A bank nurse on a care of the elderly ward raised concerns with the bank about the treatment and neglect of patients, and said they did not want to return to work on the ward. The concerns included staff shouting, using abusive language, poor basic hygiene, and falsification of records.
The manager of the nursing bank raised these concerns with senior nursing staff in the board. The board started a full investigation under stage 2 of the whistleblowing procedure.
The senior nurse in the board involved in the investigation met with the bank manager, the bank nurse and their Royal College of Nursing (RCN) representative. The bank nurse was provided with assurance that they had done the right thing by reporting their concerns. They reviewed the nurse's experiences on the ward, and explored what support was in place for them through the whistleblowing procedure. The RCN representative also provided support to ensure they could continue to work for the bank.
An investigator was identified from another department who considered the scope of the investigation, and established roughly how long it would take to complete. It was clear that the investigation would require several members of staff to be interviewed, often with representatives of professional bodies. As a result, it was anticipated from the outset that the timescales for the investigation would be longer than 20 working days. The bank nurse and their manager were informed of the likely timescales for the investigation within 20 working days of when they had raised the concern, and were kept informed every 20 working days of what progress had been made with the investigation.

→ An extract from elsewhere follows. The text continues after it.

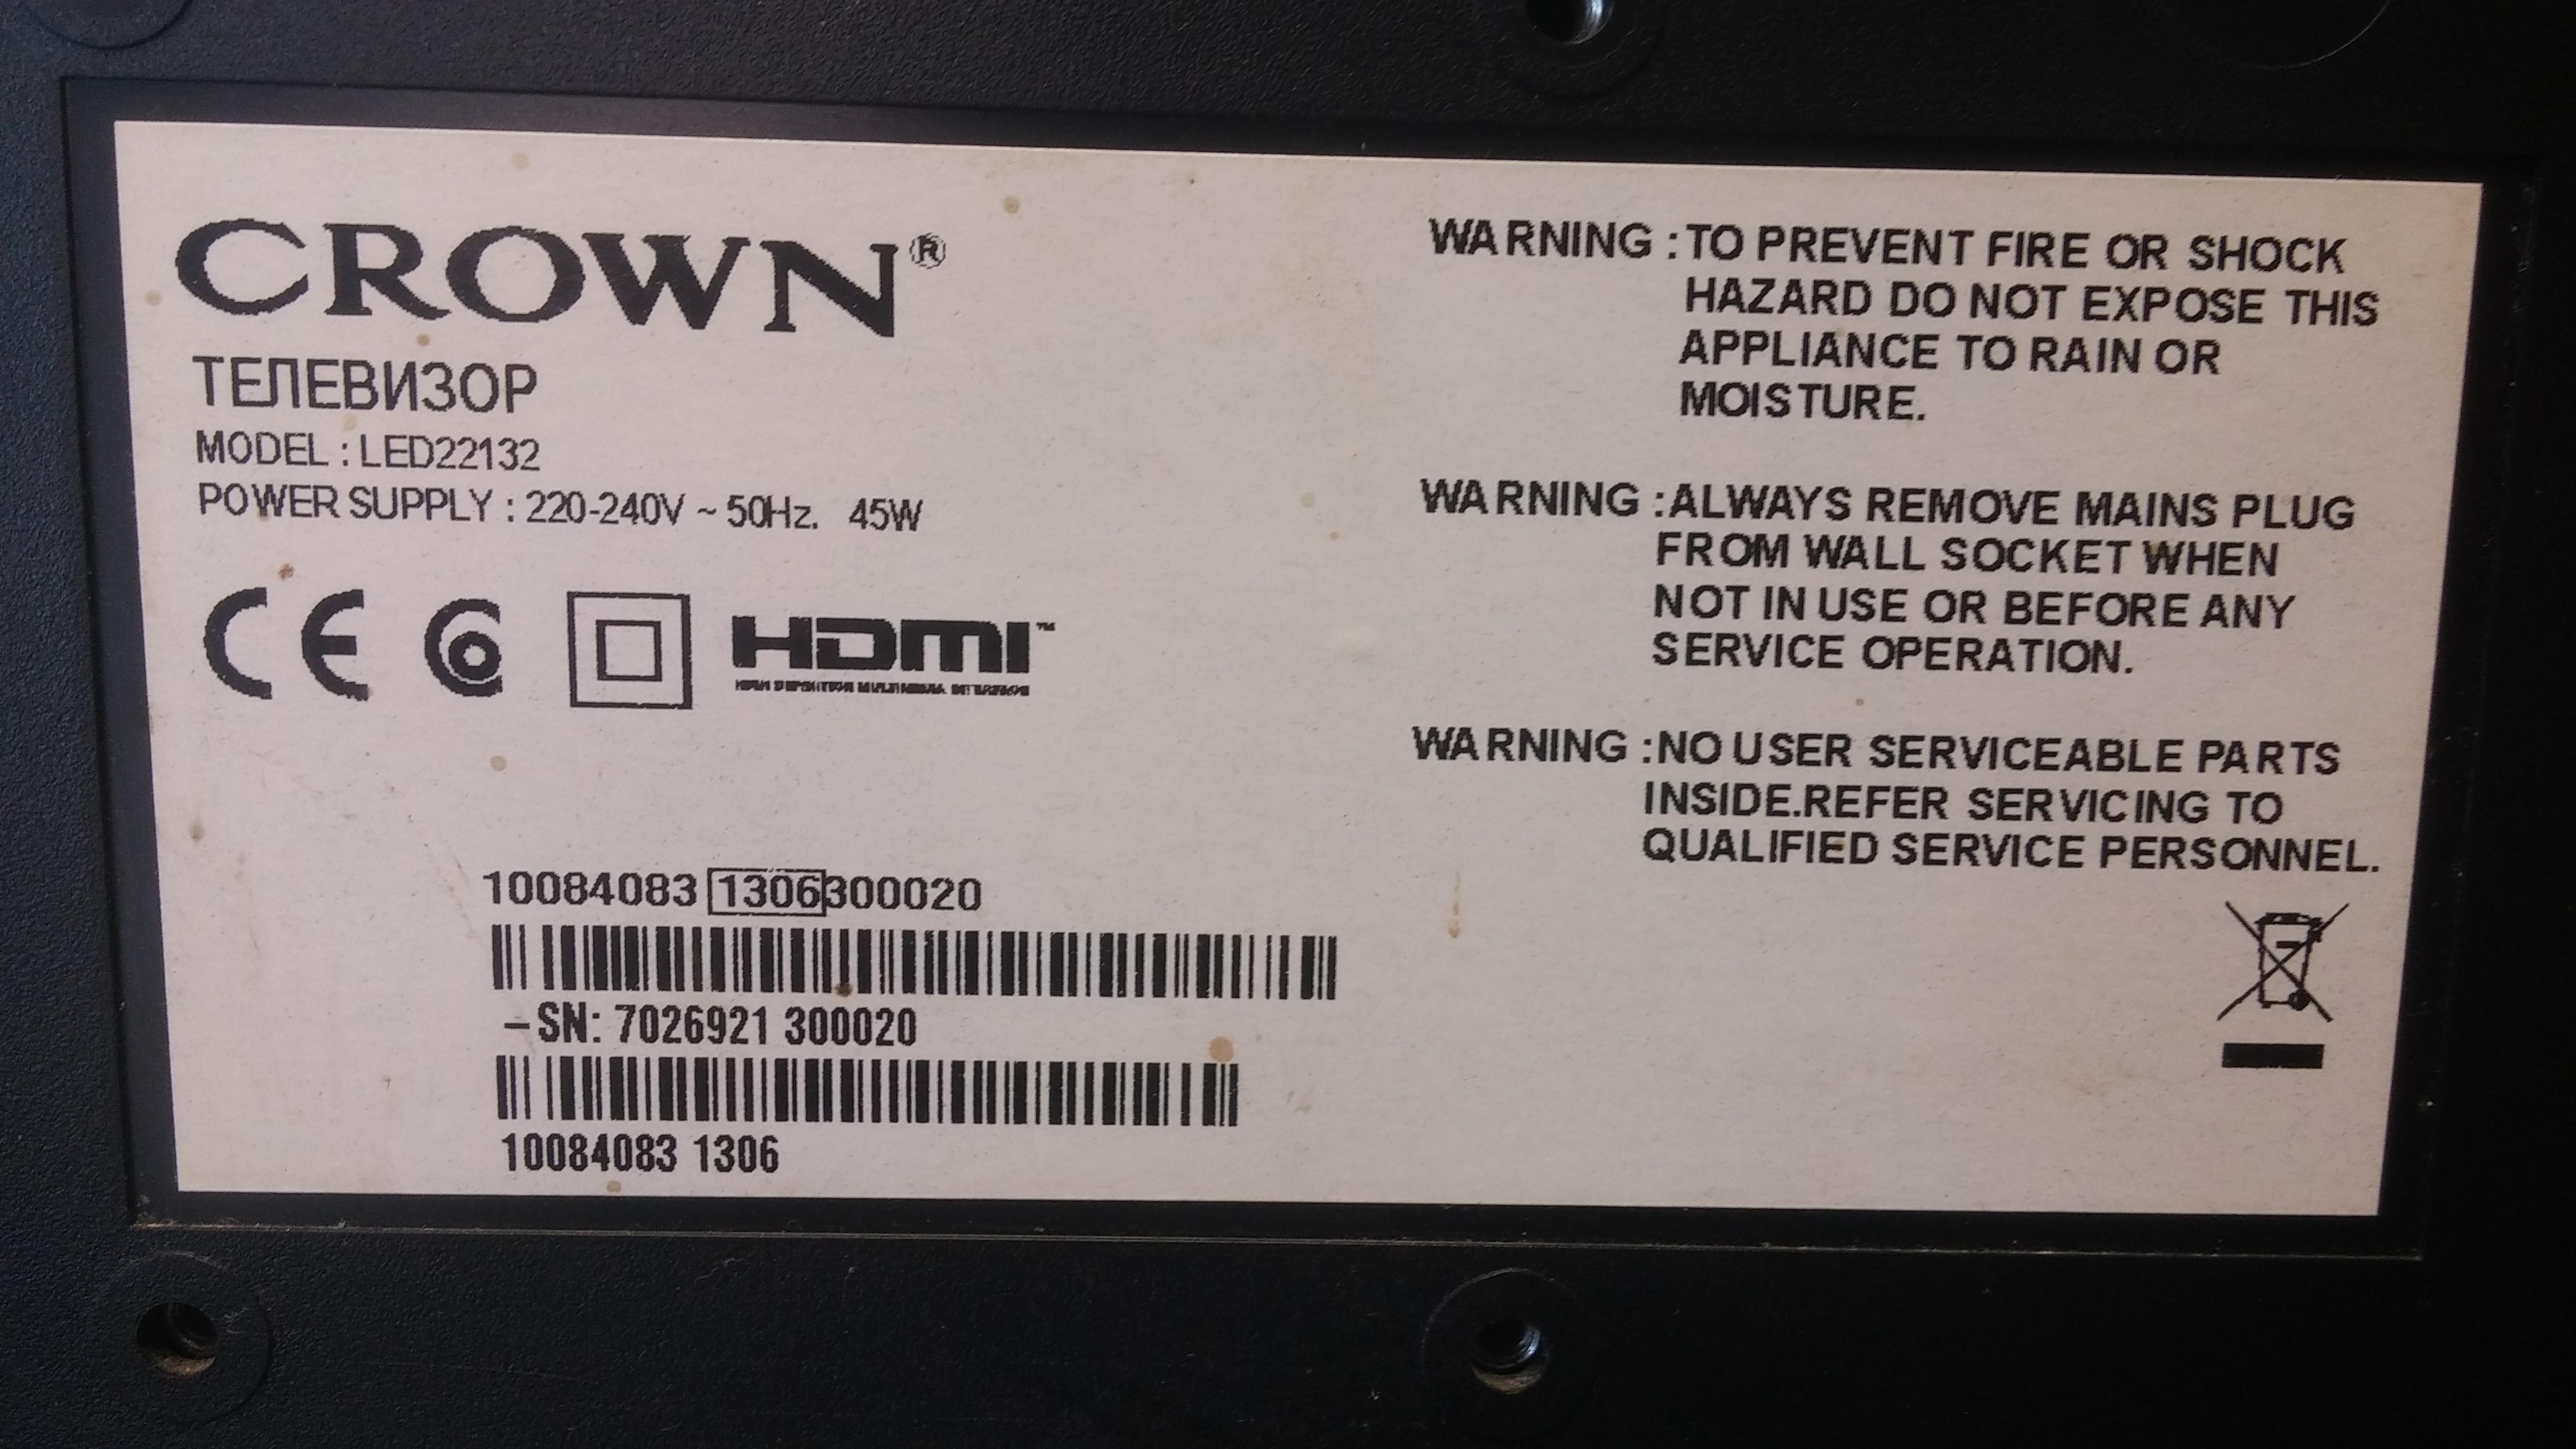 Crown LED22132 - 17MB82-1a - CiklonElectro

The investigation found that some staff had failed to follow safe practice. It upheld the majority of the concerns raised by the bank nurse, though it was noted that poor practice was more significant when staff were unobserved. Further action was taken against these staff through the board’s HR procedures.
The investigation also identified that staff sickness absence was an issue in the ward, that staff documented care when no care had been given, and that this reflected a wider culture that lacked compassion and respect for patients.
The board put in an immediate action plan, and wrote to all the staff involved. They also apologise to the patients and their families. They write to the bank nurse to thank them for raising the initial concerns, and provide a full update on what action had been taken, while withholding appropriate information in relation to the HR action. The bank nurse is also signposted to the INWO if they do not think that this concern has been resolved.